Кошки разбушевались, раздирали душу в клочья настолько сильно, что заболело сердце. Поморщившись, Пашка стиснула зубы. Вдохнула носом воздух и побрела домой, едва ли разбирая дорогу.
Больно было от осознания того, что этой ночью Лизу Савичеву изнасиловал парень, в которого она была влюблена, — а Лысая никак этому не помешала. Больно было от того, что пока она веселилась, звонила Марья, — и она не взяла трубку. Марья никогда бы не позвонила от большого счастья, или просто так, значит, что-то точно случилось.
Денег на счету у Пашки было не так много, но…
«Абонент временно недоступен. Попробуйте позвонить позже».
— Кто бы сомневался, — шепнула Лысая, набирая СМС-сообщение.
«Привет, ты звонила? Прости, умоляю, телефон был на беззвучном. Если хочешь, звони в любое время».
Несколько раз перечитав, Пашка поморщилась: выходило слишком сопливо, Марья, если прочтёт, за дуру примет.
«Если надо, позвони ещё раз».
Что-то совсем плохо — как будто они друг другу чужие.

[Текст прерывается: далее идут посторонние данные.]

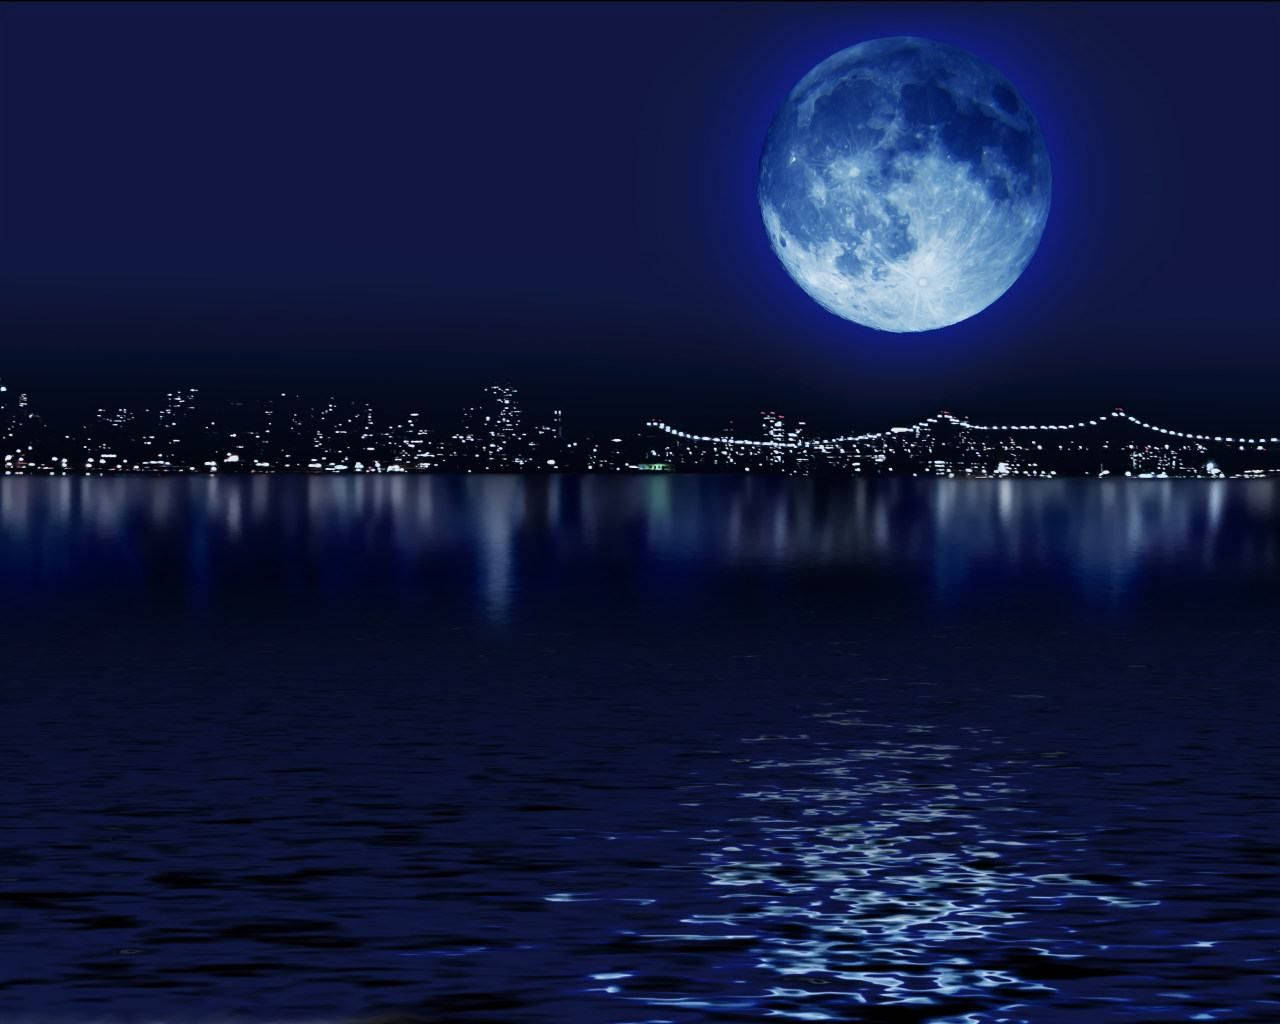 Dark Night Full Moon Over City Background

…Они познакомились в школе: Марья была старше её на один класс, но, что называется, со своими птицами в голове. Это их и подружило.
Как-то раз Пашка — в то время ещё Бритая, с причёской «под ноль» — прогуливала злосчастную геометрию, сидя на лестнице. Сидела, пока не заметила, что этажом выше по ступенькам кто-то ходит туда-сюда. Прислушалась: этот кто-то ещё и стихи читал.
Пашка осторожно поднялась, выглянула из-за перил и встретилась глазами с невысокой черноволосой девушкой.
Та ничего ей не сказала и взгляда не отвела. Начала медленно спускаться, на каждую ступеньку произнося по строке или по слогу, как ритм ложился.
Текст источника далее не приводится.